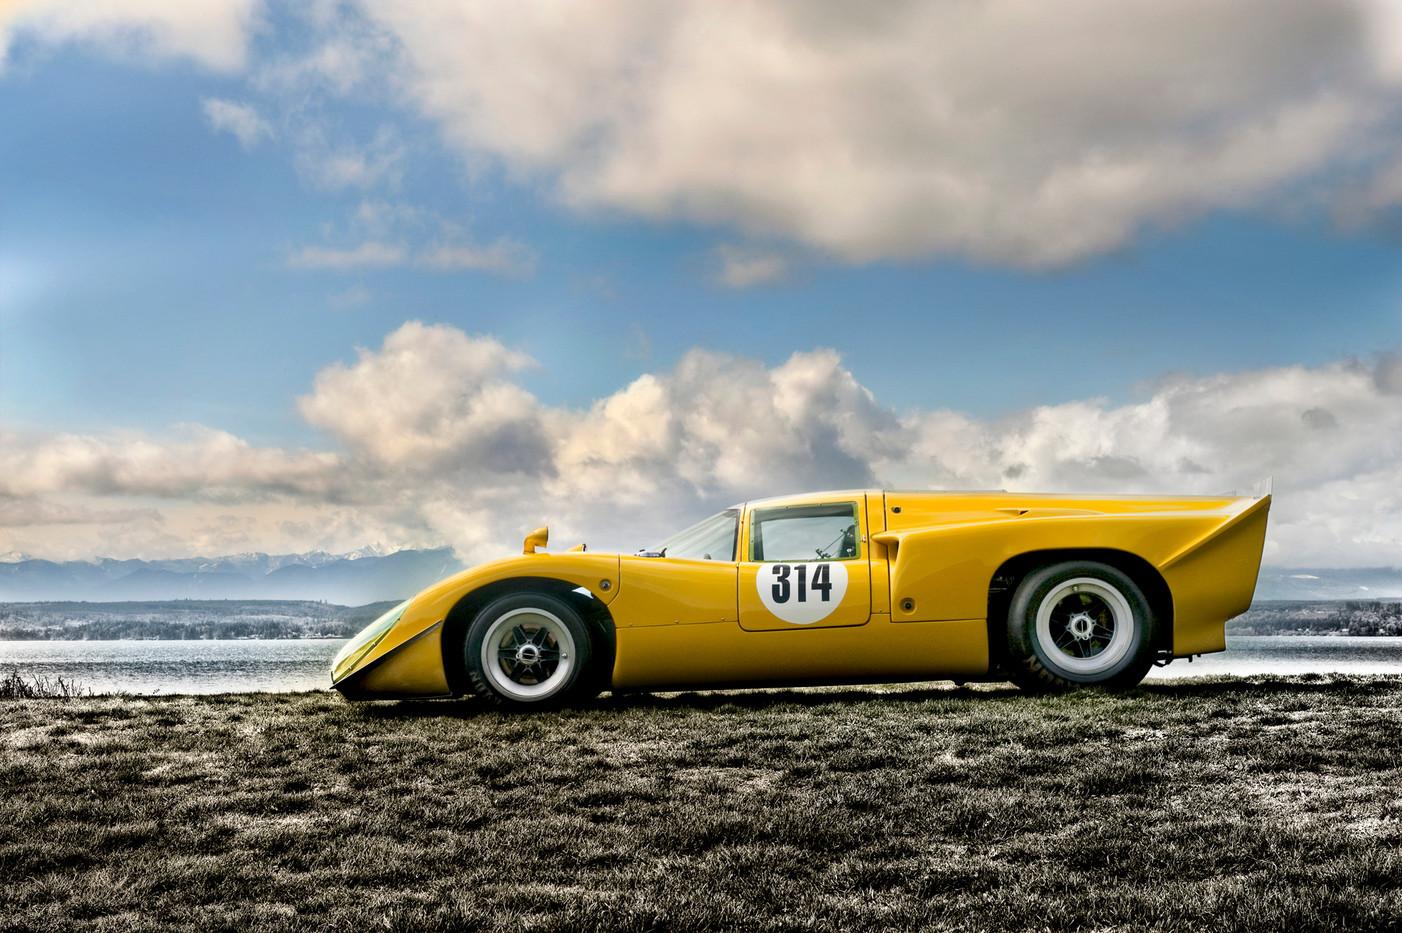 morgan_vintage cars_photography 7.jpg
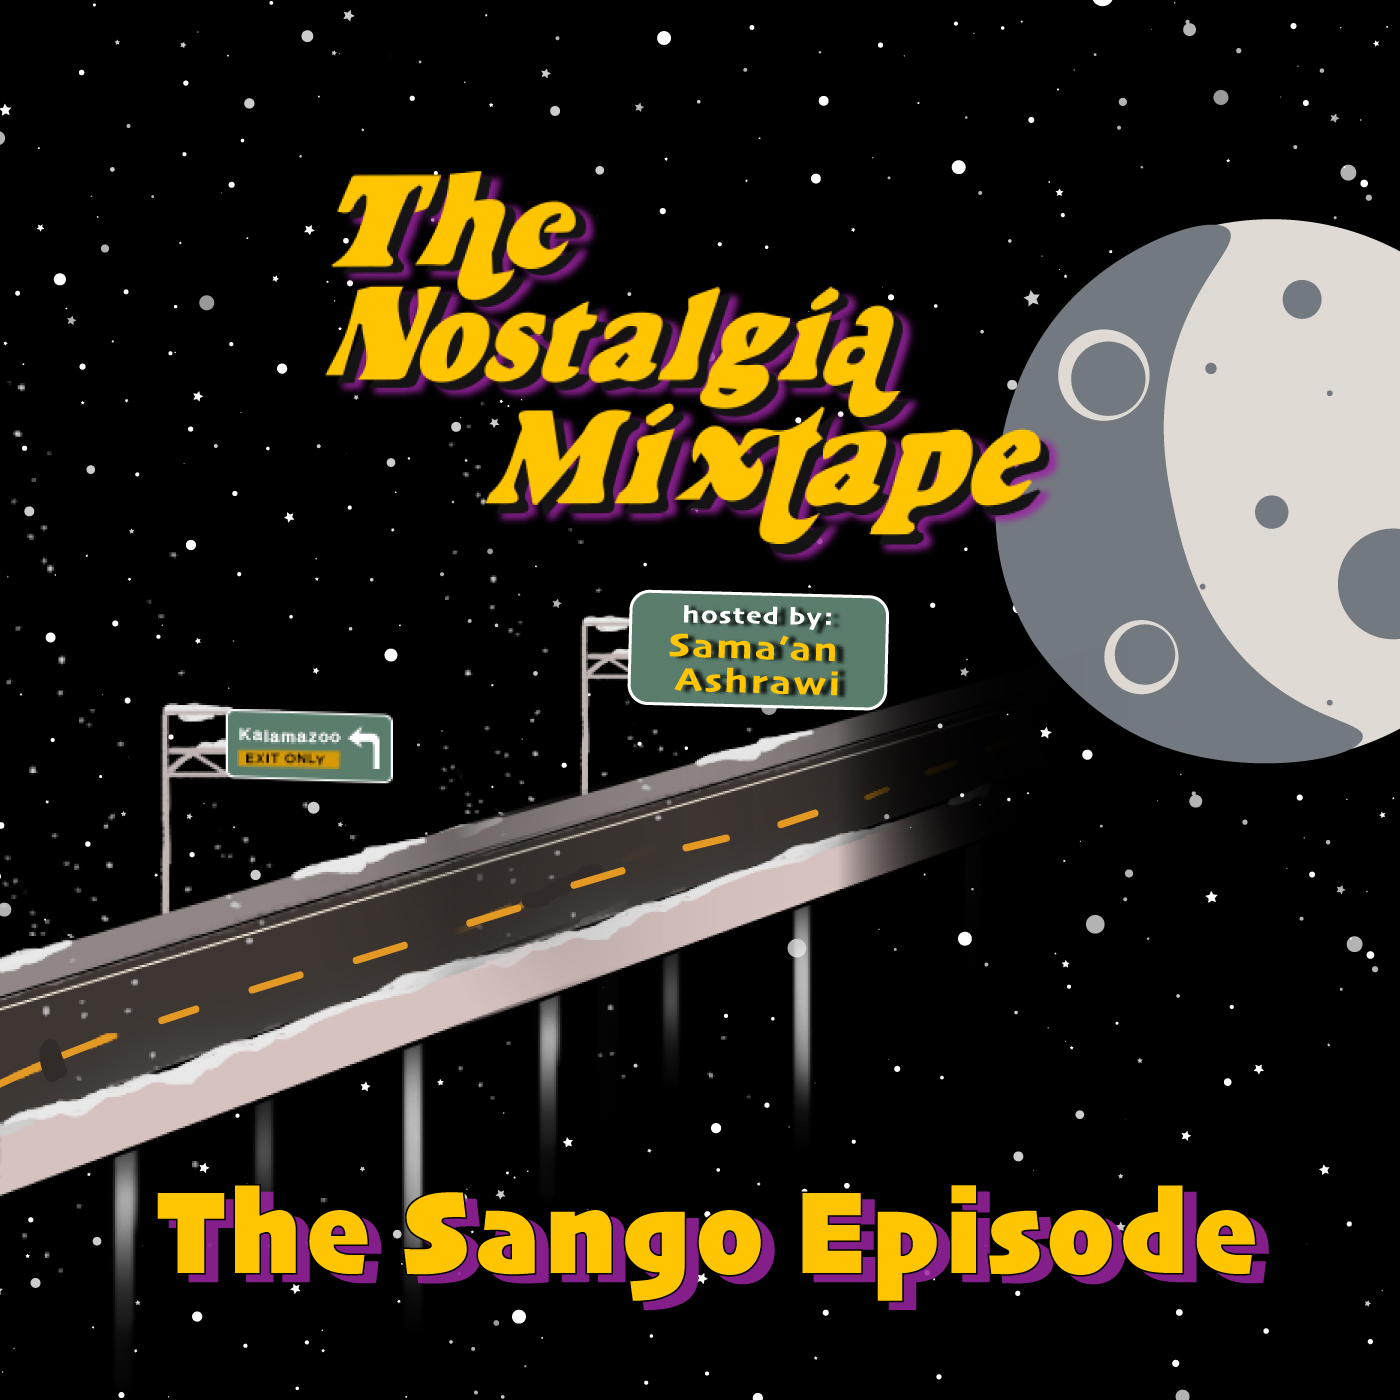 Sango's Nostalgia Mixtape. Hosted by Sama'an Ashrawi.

* * *

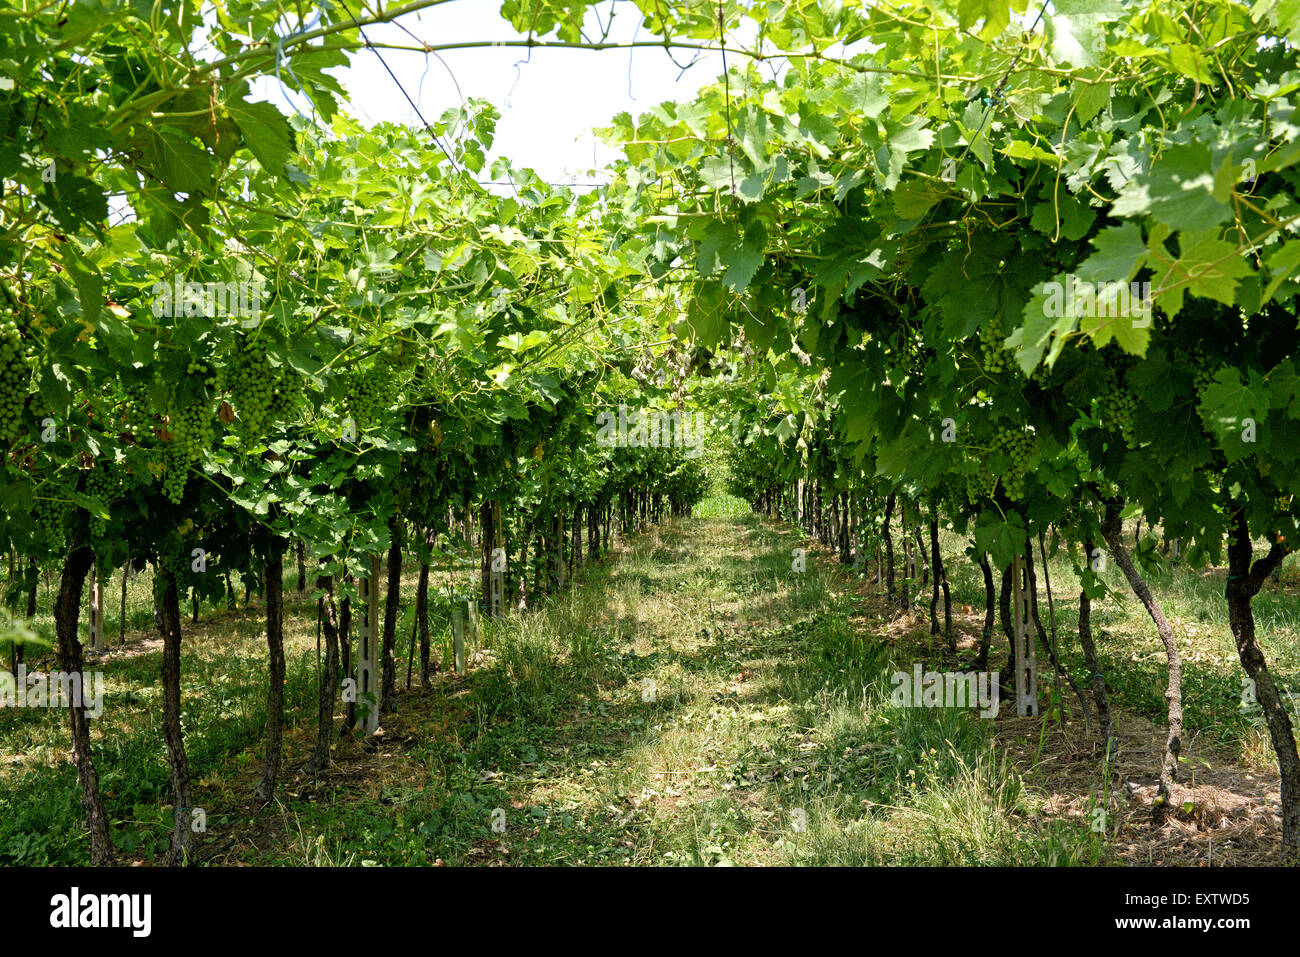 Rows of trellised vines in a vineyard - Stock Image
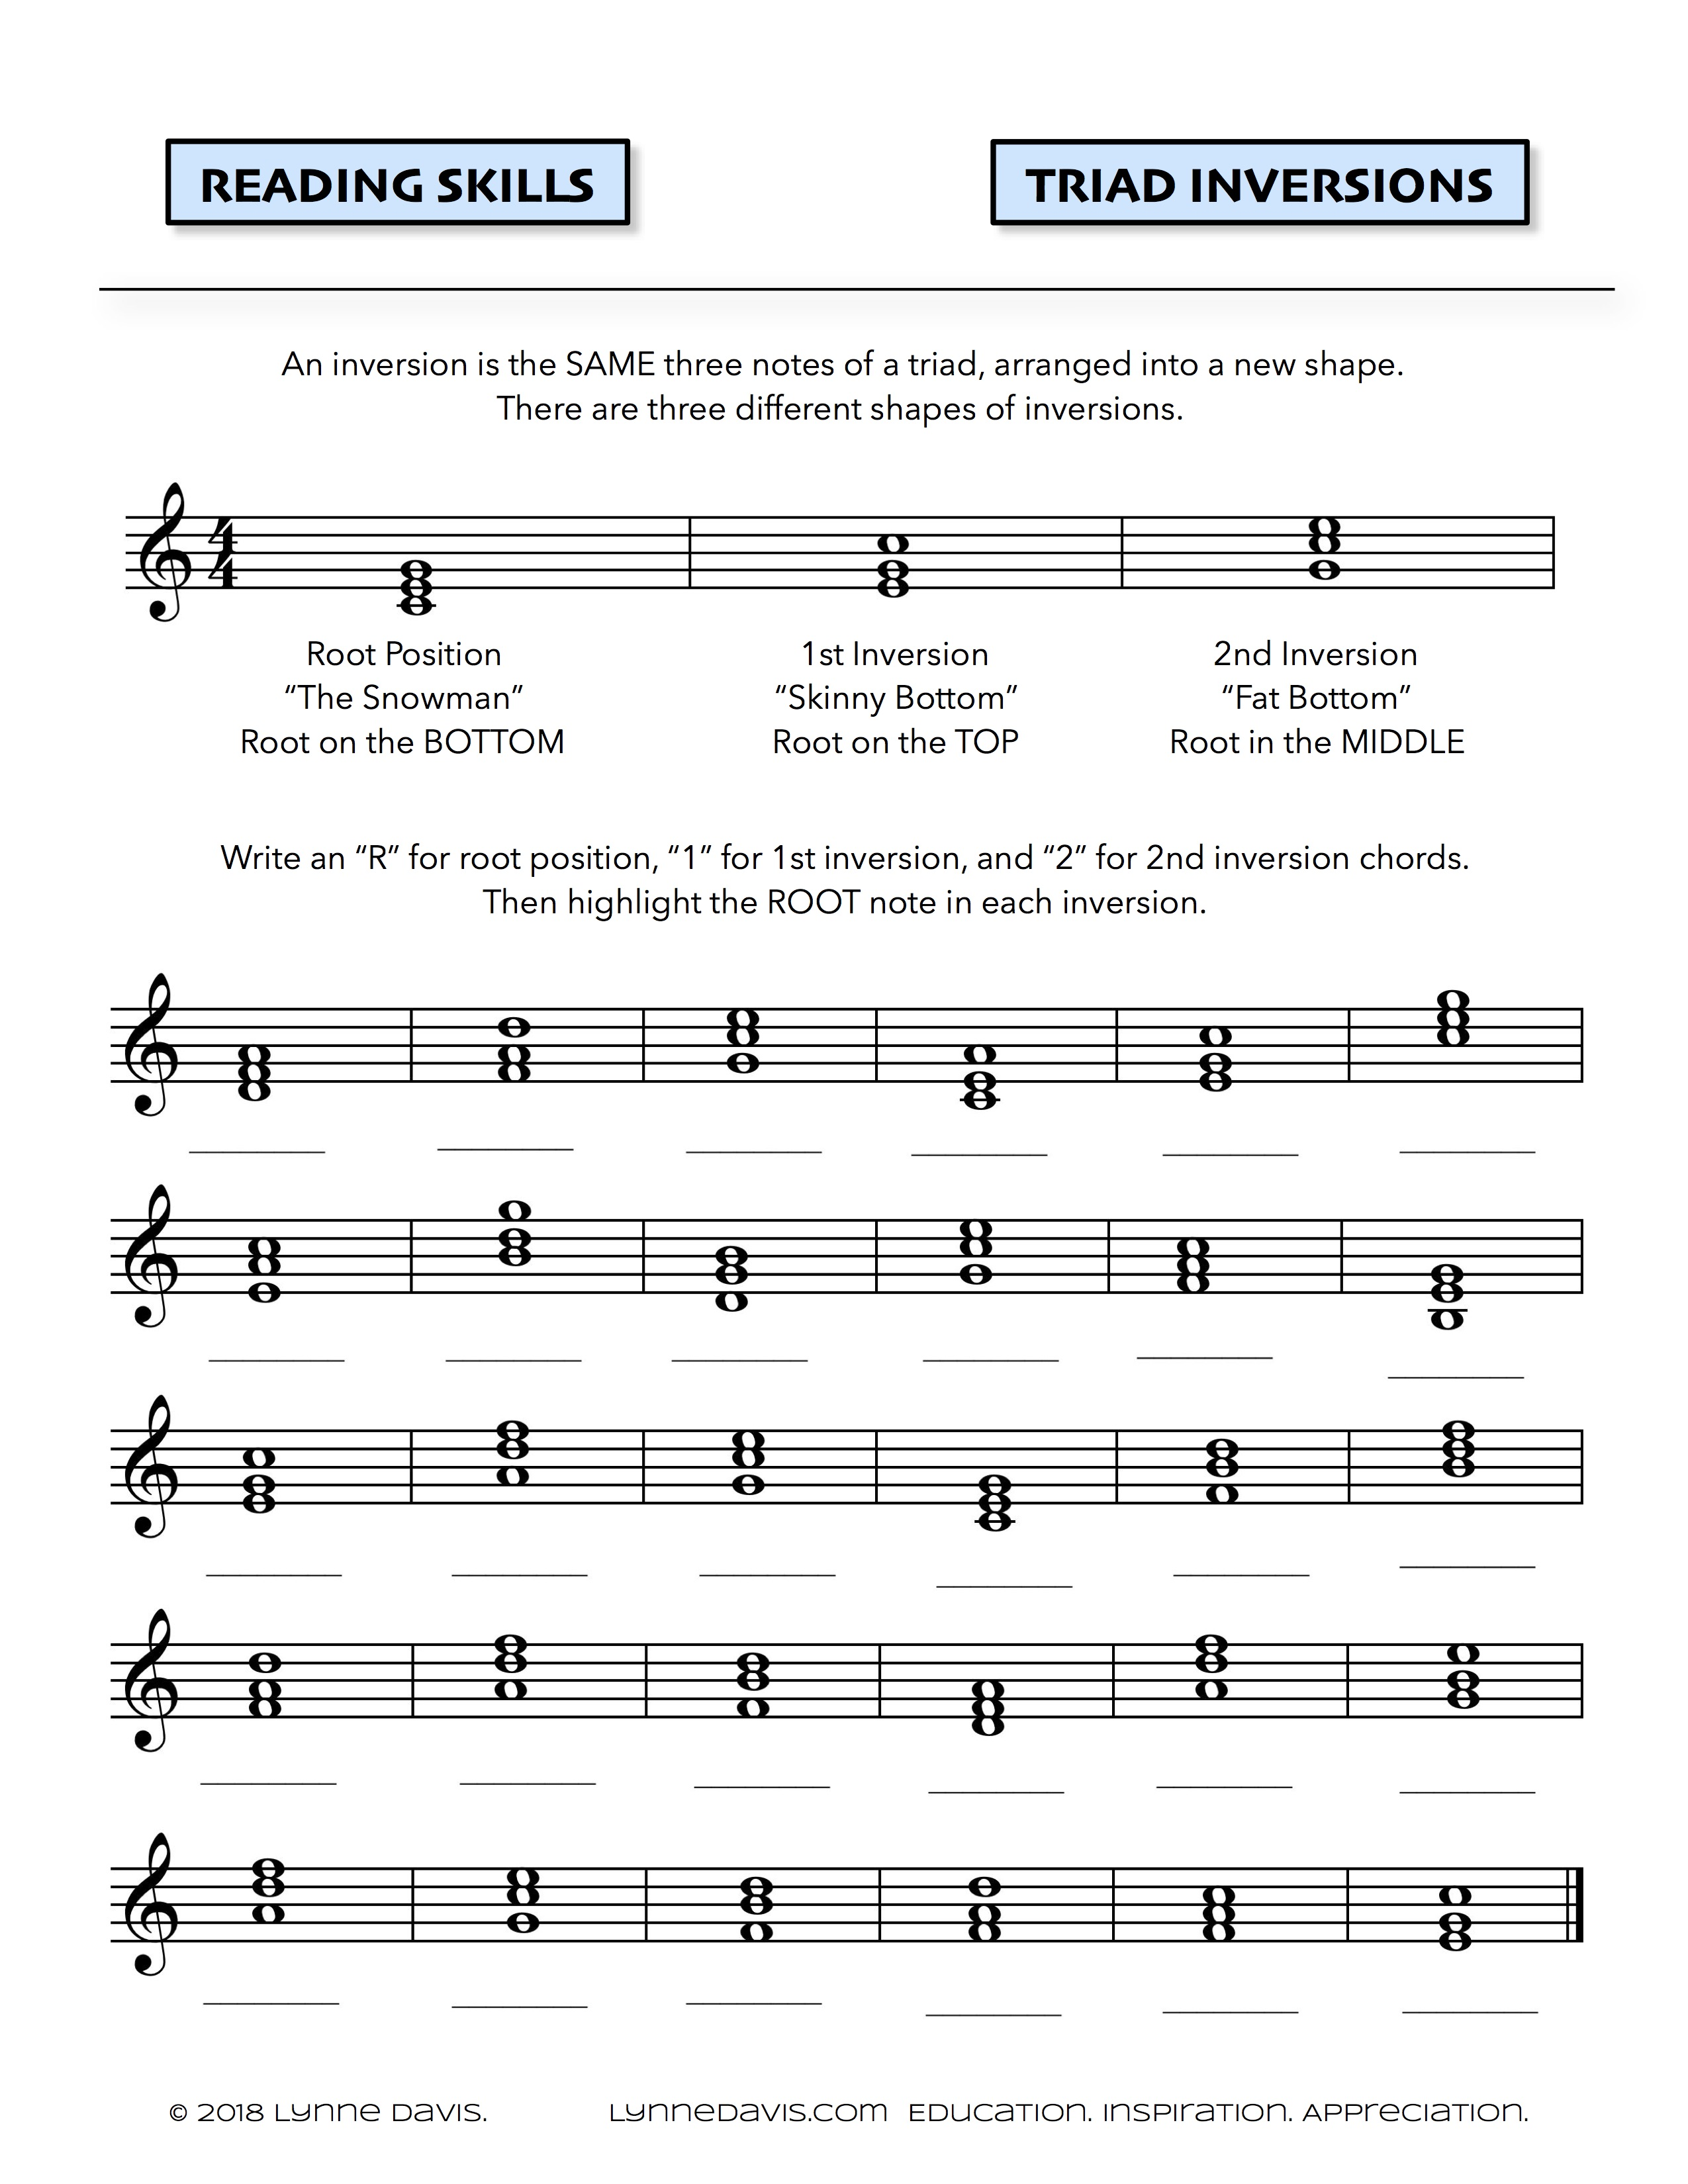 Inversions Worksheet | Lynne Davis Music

● Exercise brief:
From the records above, copy only the lines running from the line holding "morgan_vintage cars_photography 7.jpg" through the line holding "Sango's Nostalgia Mixtape.", with no pictures.

● Solution for this problem:
 morgan_vintage cars_photography 7.jpg
 Sango's Nostalgia Mixtape. Hosted by Sama'an Ashrawi.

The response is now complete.